The insurance company may not volunteer all of this. A quick scheduled-loss offer may sound fair until you realize it does not address prosthetics, future care, PTSD, job loss, wage loss, or another company’s negligence.
Talk to an Illinois Workers’ Compensation Lawyer About an Amputation Claim
McHargue & Jones represents injured workers in Chicago and throughout Illinois. If you suffered a workplace amputation, or if your doctor is discussing amputation after a severe crush injury, nerve injury, infection, or failed surgery, we can help you understand what benefits are really in play.
These cases are legal cases, but they are also deeply personal. The scheduled-loss chart matters. The wage rate matters. The prosthetic care matters. The psychological impact matters. And the effect on your future work life matters.
Contact McHargue & Jones for a free consultation about your Illinois workers’ compensation claim.
FAQ: Illinois Workers’ Compensation Amputation Claims
How much is an amputation worth in Illinois workers’ comp?

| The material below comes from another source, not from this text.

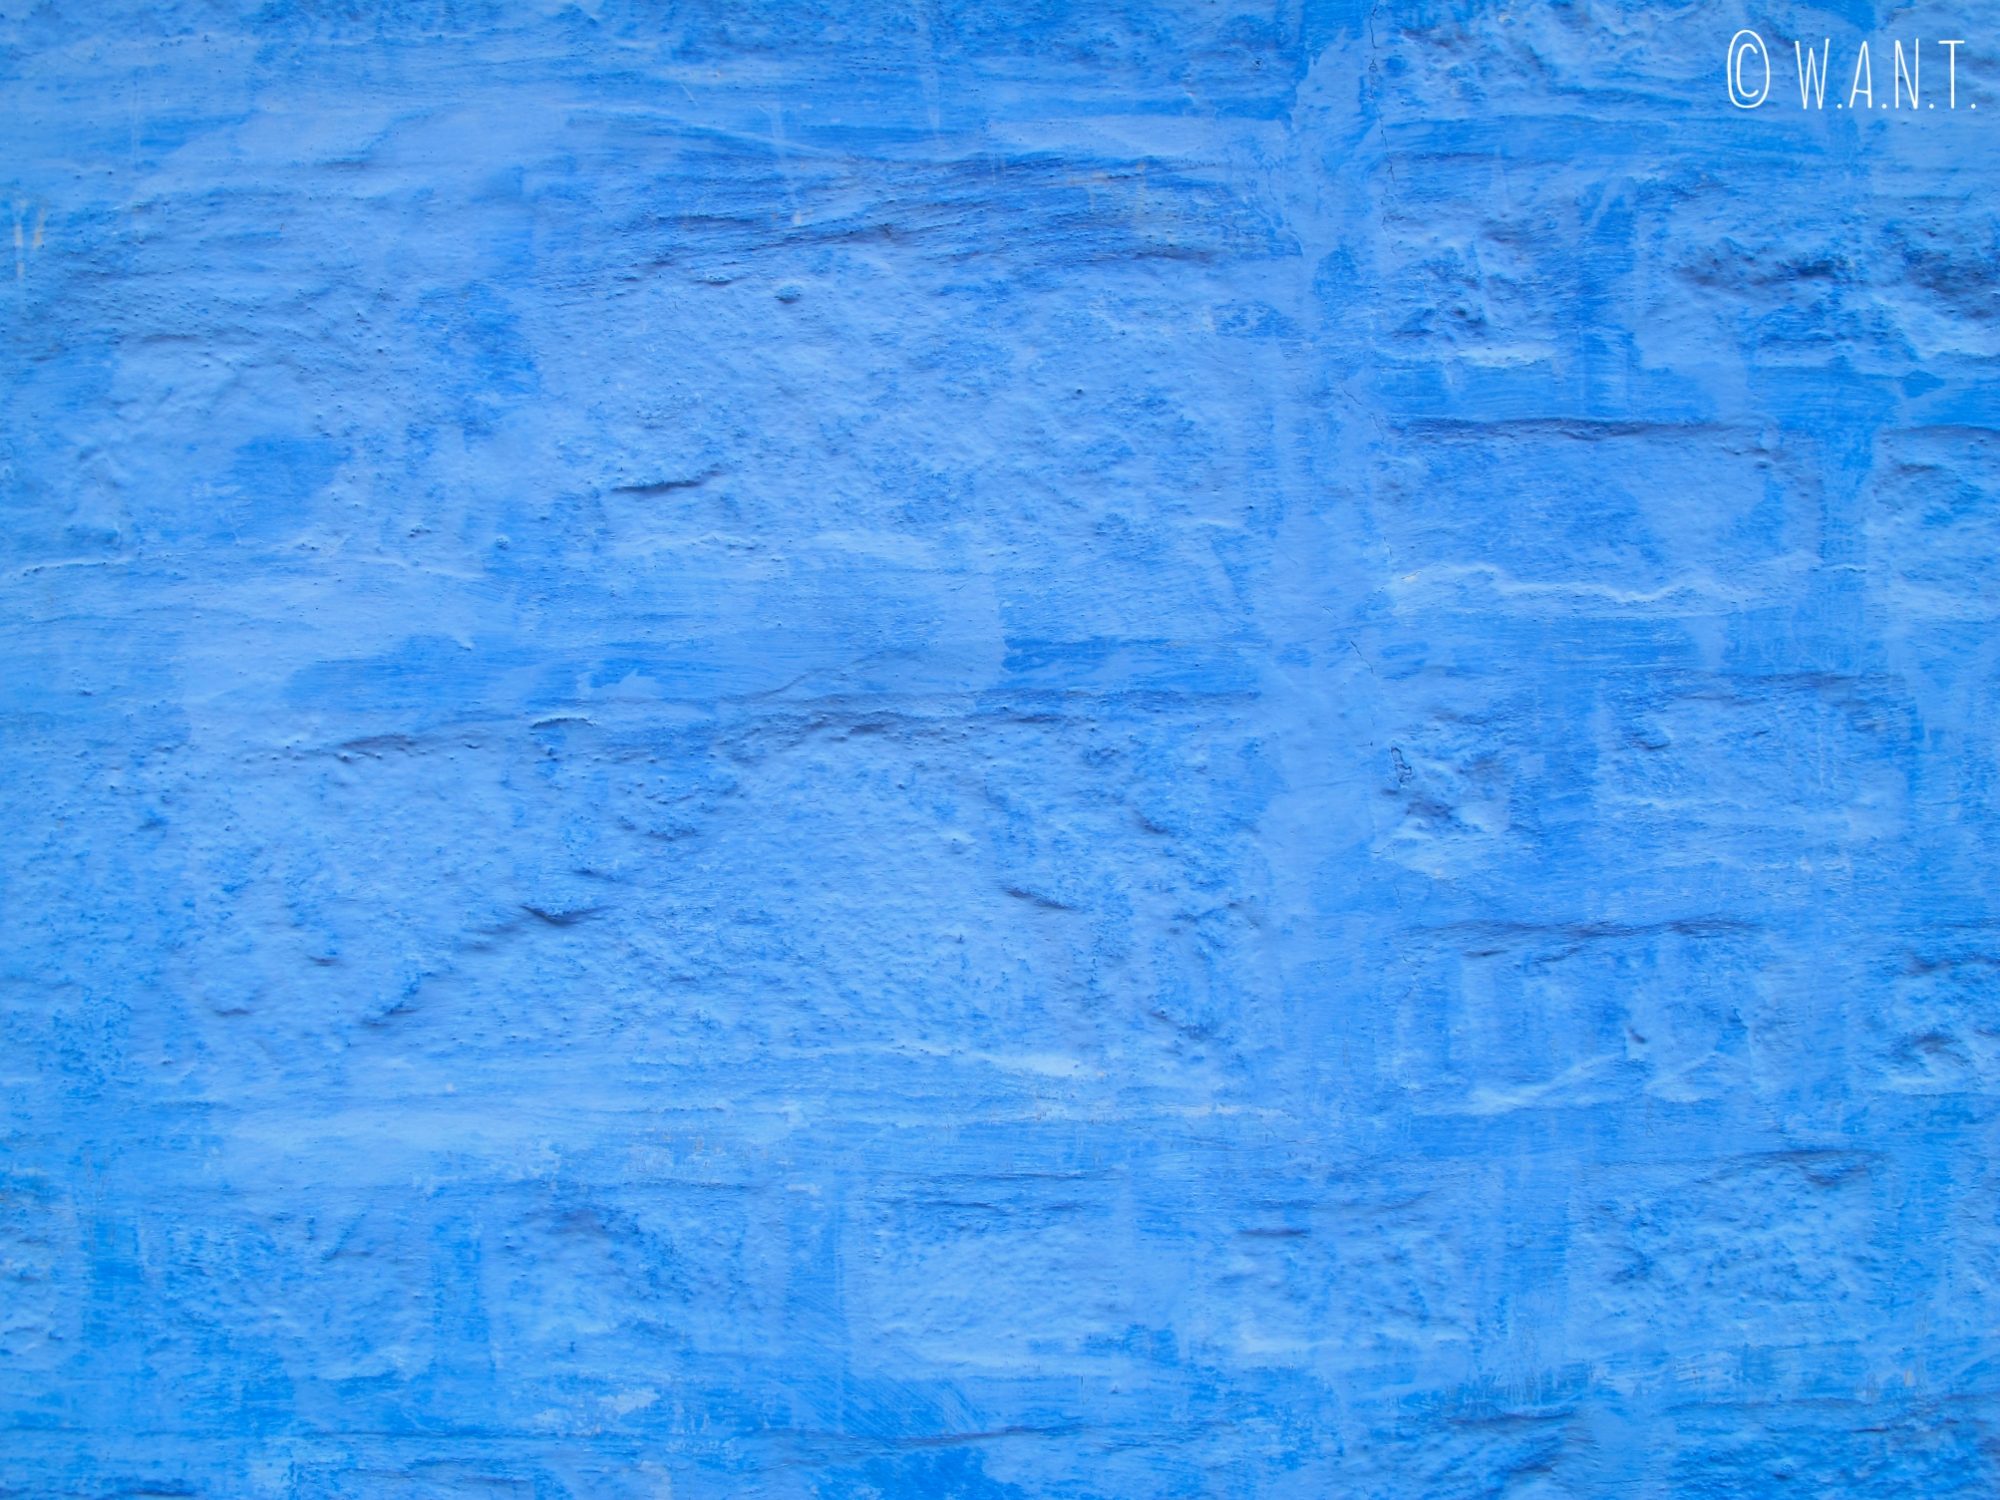 Façade bleue des maisons de Jodhpur, appelée aussi la cité bleue

It depends on the body part, the scheduled number of weeks, the worker’s average weekly wage, the correct PPD rate, the date of accident, the extent of the amputation, and whether the case involves more than the scheduled loss. A serious amputation case may also involve prosthetics, PTSD, permanent restrictions, wage loss, or third-party negligence.
Is the statutory amputation payment the entire case?

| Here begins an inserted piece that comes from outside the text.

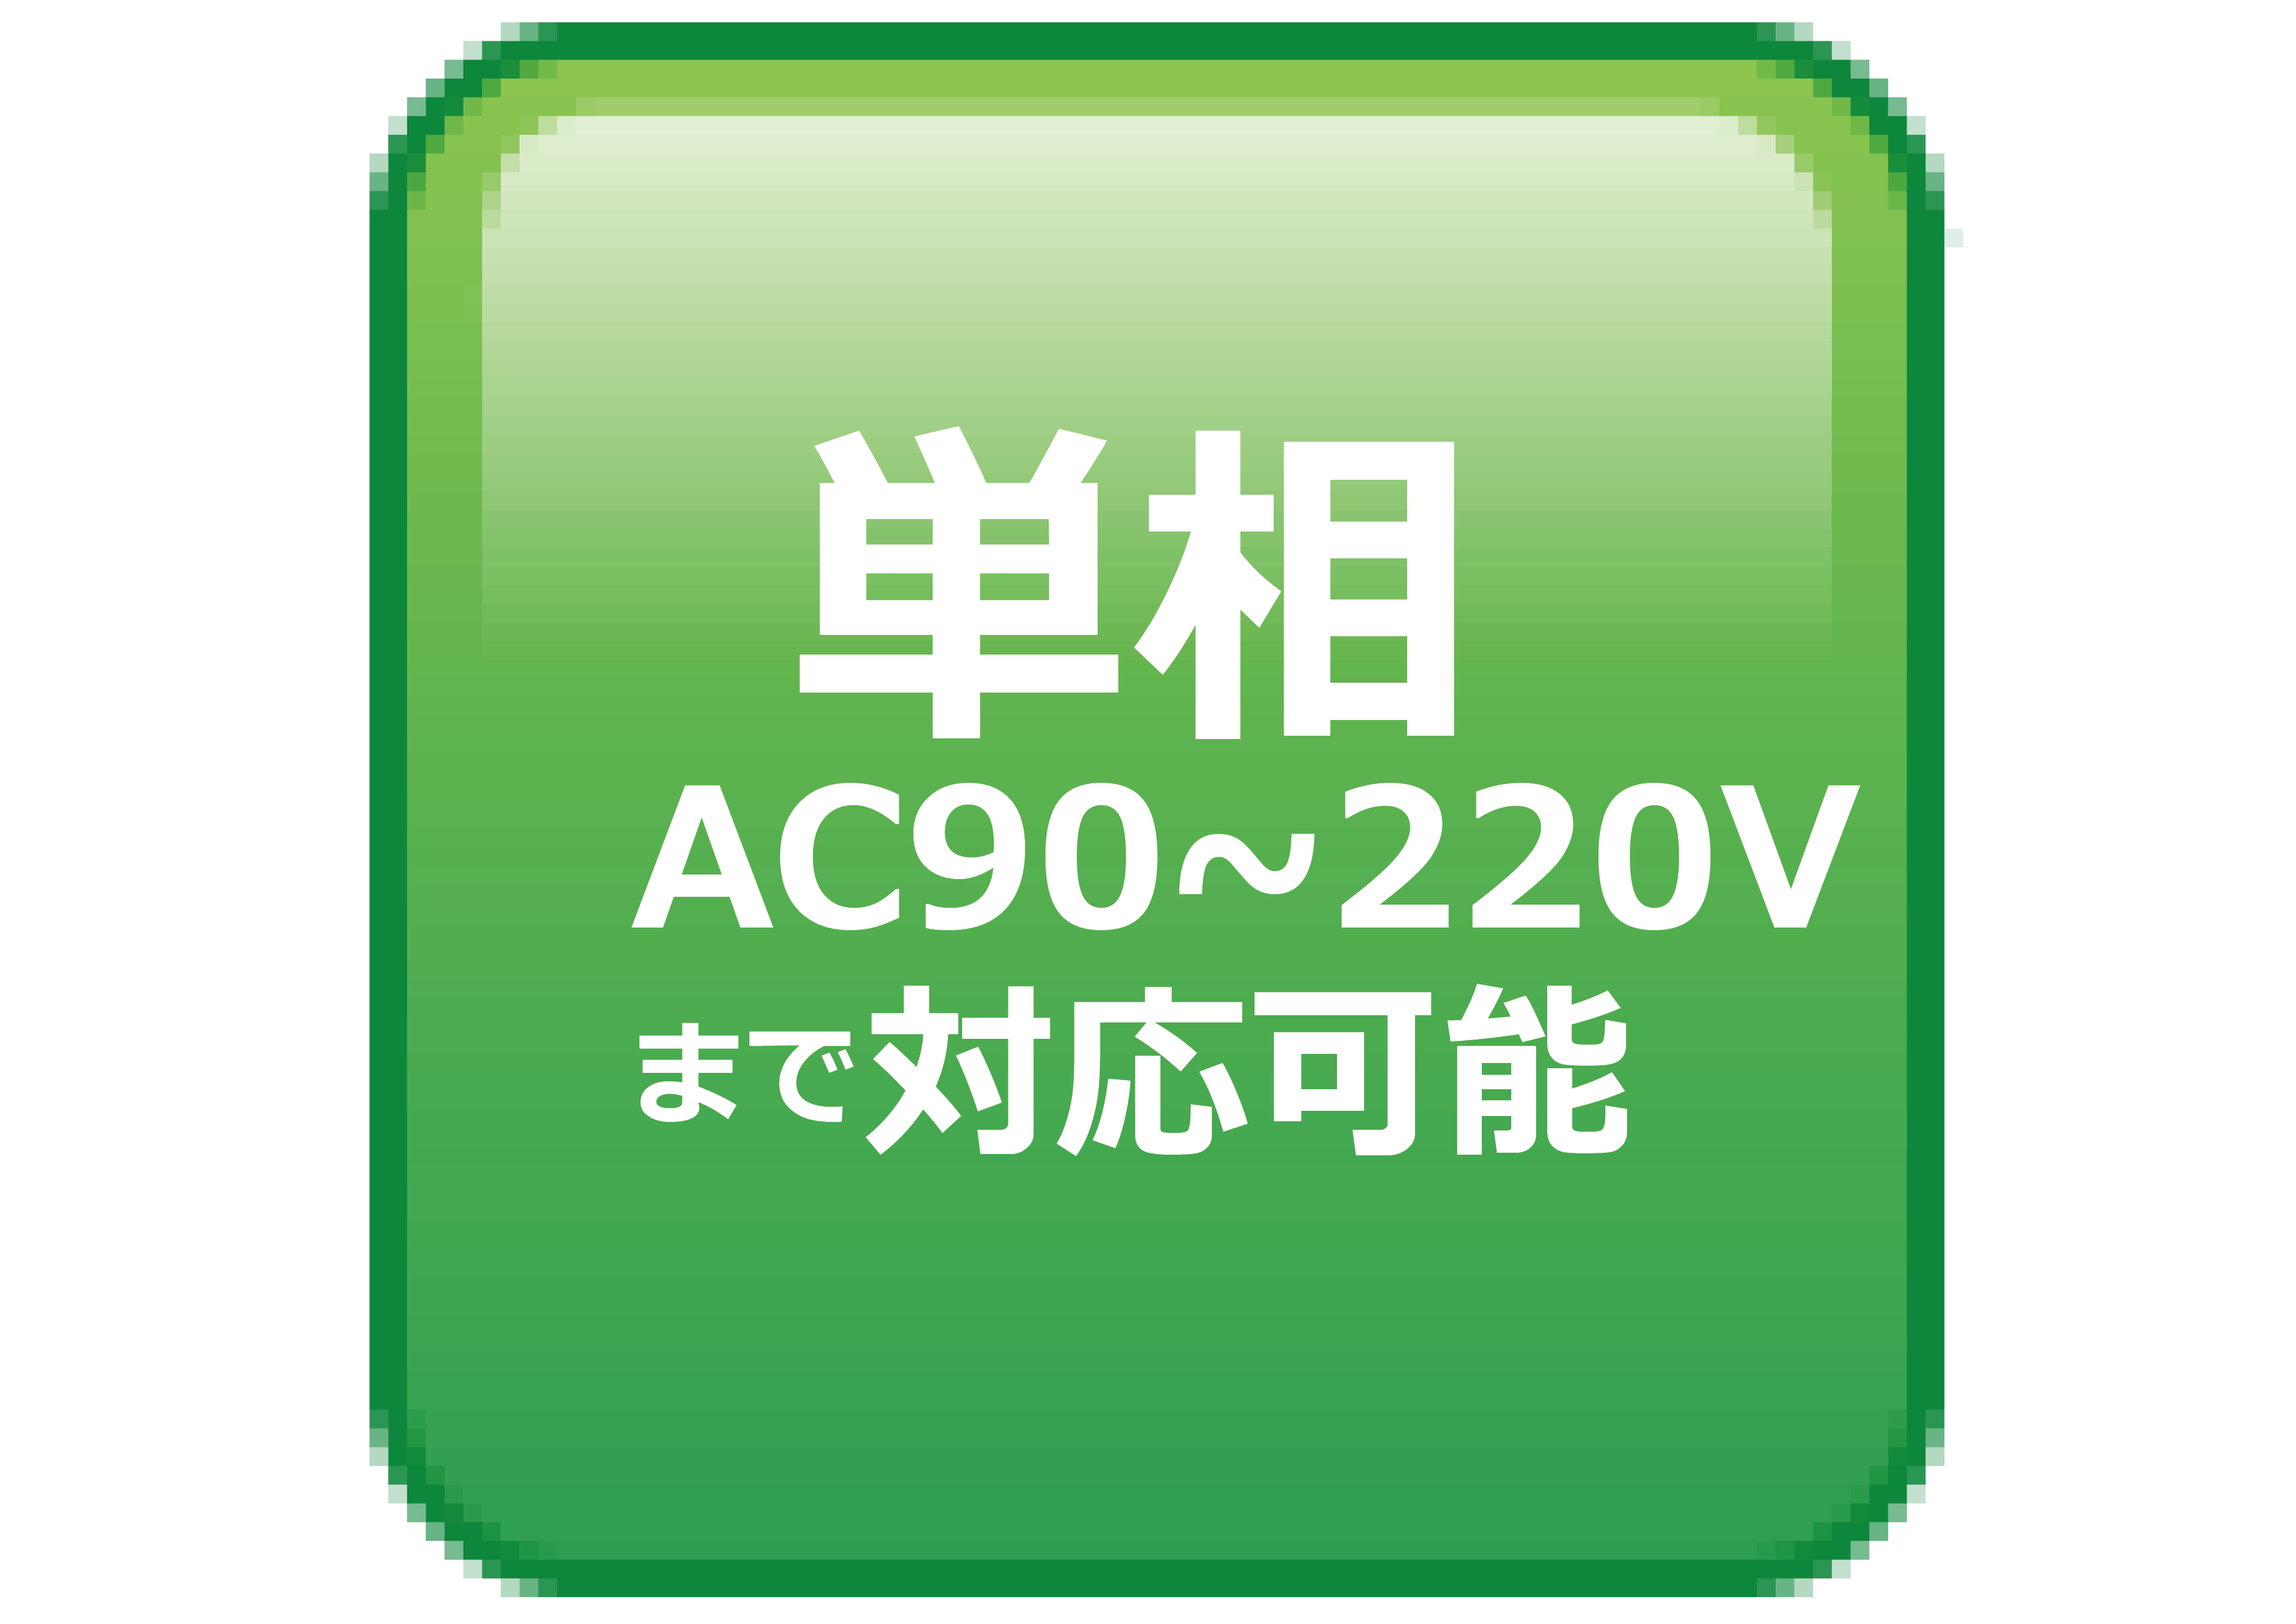 単相AC90~220Vまで対応可能

Not always. In a simple case where the worker returns to full duty and needs no future care, the scheduled-loss payment may be the main value. But many amputation claims also involve medical care, prosthetics, psychological treatment, permanent restrictions, vocational rehabilitation, wage differential benefits, permanent total disability, or a third-party case.
Does Illinois workers’ comp pay for prosthetics after an amputation?

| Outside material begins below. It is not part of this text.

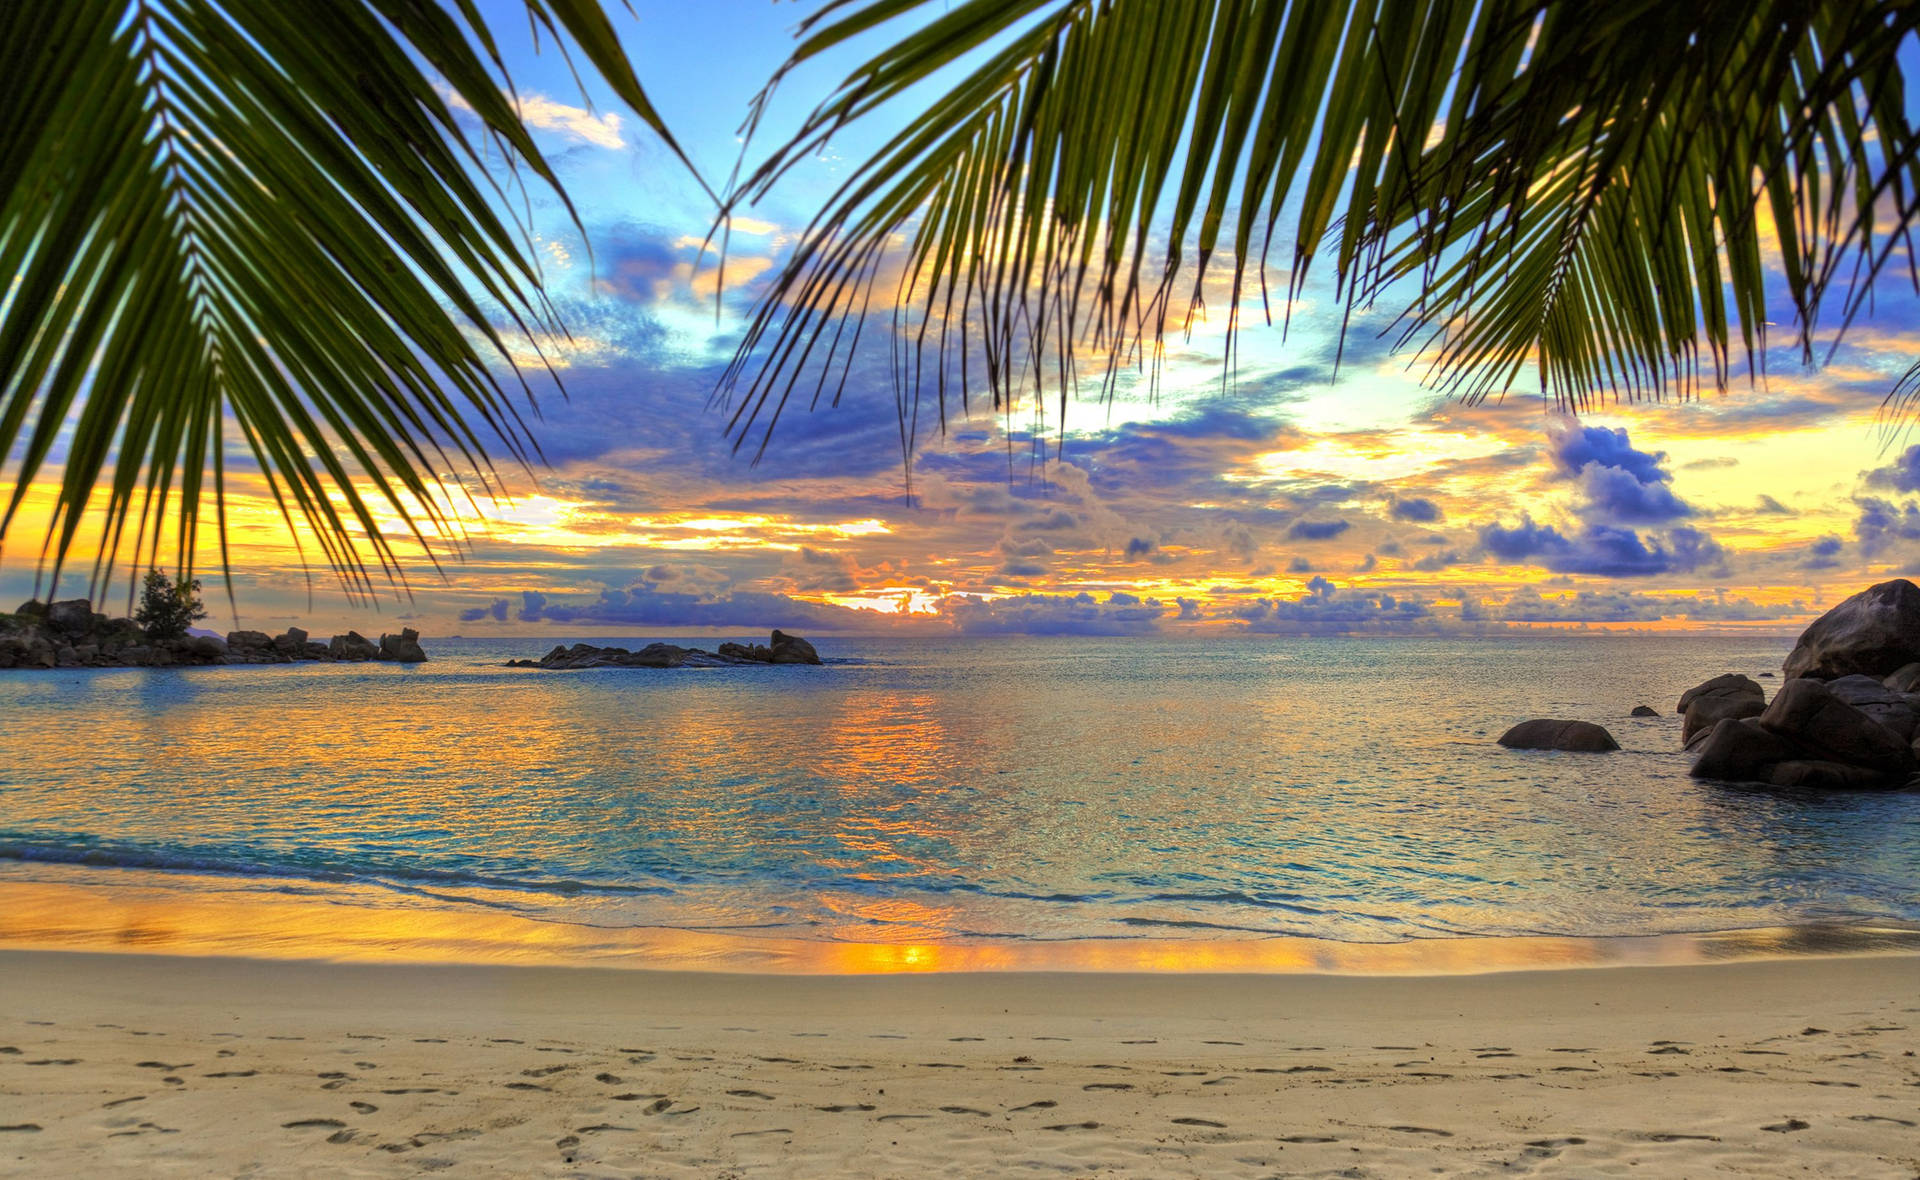 Friedlicherund Wunderschöner Strand Bei Sonnenuntergang Wallpaper

Yes, where the prosthetic or assistive device is reasonable, necessary, and related to the work injury. The injured worker may be entitled to both the scheduled PPD payment for the amputation and workers’ comp coverage for appropriate prosthetic care.
Can I get PTSD treatment after a workplace amputation?
Possibly. If the traumatic event or the loss of the body part caused PTSD, anxiety, depression, or another psychological condition, workers’ compensation may be responsible for psychological treatment and, in some cases, additional compensation.
What if my doctor recommends amputation later because of pain?
Sometimes a work injury damages a limb so badly that amputation becomes a later treatment option. Workers’ comp cannot force you to amputate. But if your treating doctor recommends amputation and you choose that path, the case should address the medical, prosthetic, wage-loss, psychological, and permanency consequences.
Can I receive more if I lose multiple fingers?
Possibly. The insurance company may try to value the case as the loss of individual fingers only. But if the injury causes a broader loss of use of the hand, the claim may be worth more than a simple finger-only scheduled-loss payment.
What if I cannot return to my old job after an amputation?
If the amputation prevents you from returning to your old job or trade, the case may involve vocational rehabilitation, maintenance benefits, wage differential benefits, loss-of-trade value, or permanent total disability.
Can I sue someone besides my employer after a workplace amputation?
Sometimes. If a defective machine, outside contractor, subcontractor, repair company, forklift operator, truck driver, property owner, general contractor, or another third party caused or contributed to the amputation, you may have a separate negligence or product liability case in addition to workers’ comp.
Should I settle quickly after the insurance company offers the scheduled loss?
Usually not before making sure every issue has been evaluated. Before closing the case, you should know whether you need future medical care, prosthetics, PTSD treatment, permanent restrictions, vocational rehabilitation, wage-loss benefits, or a third-party negligence investigation.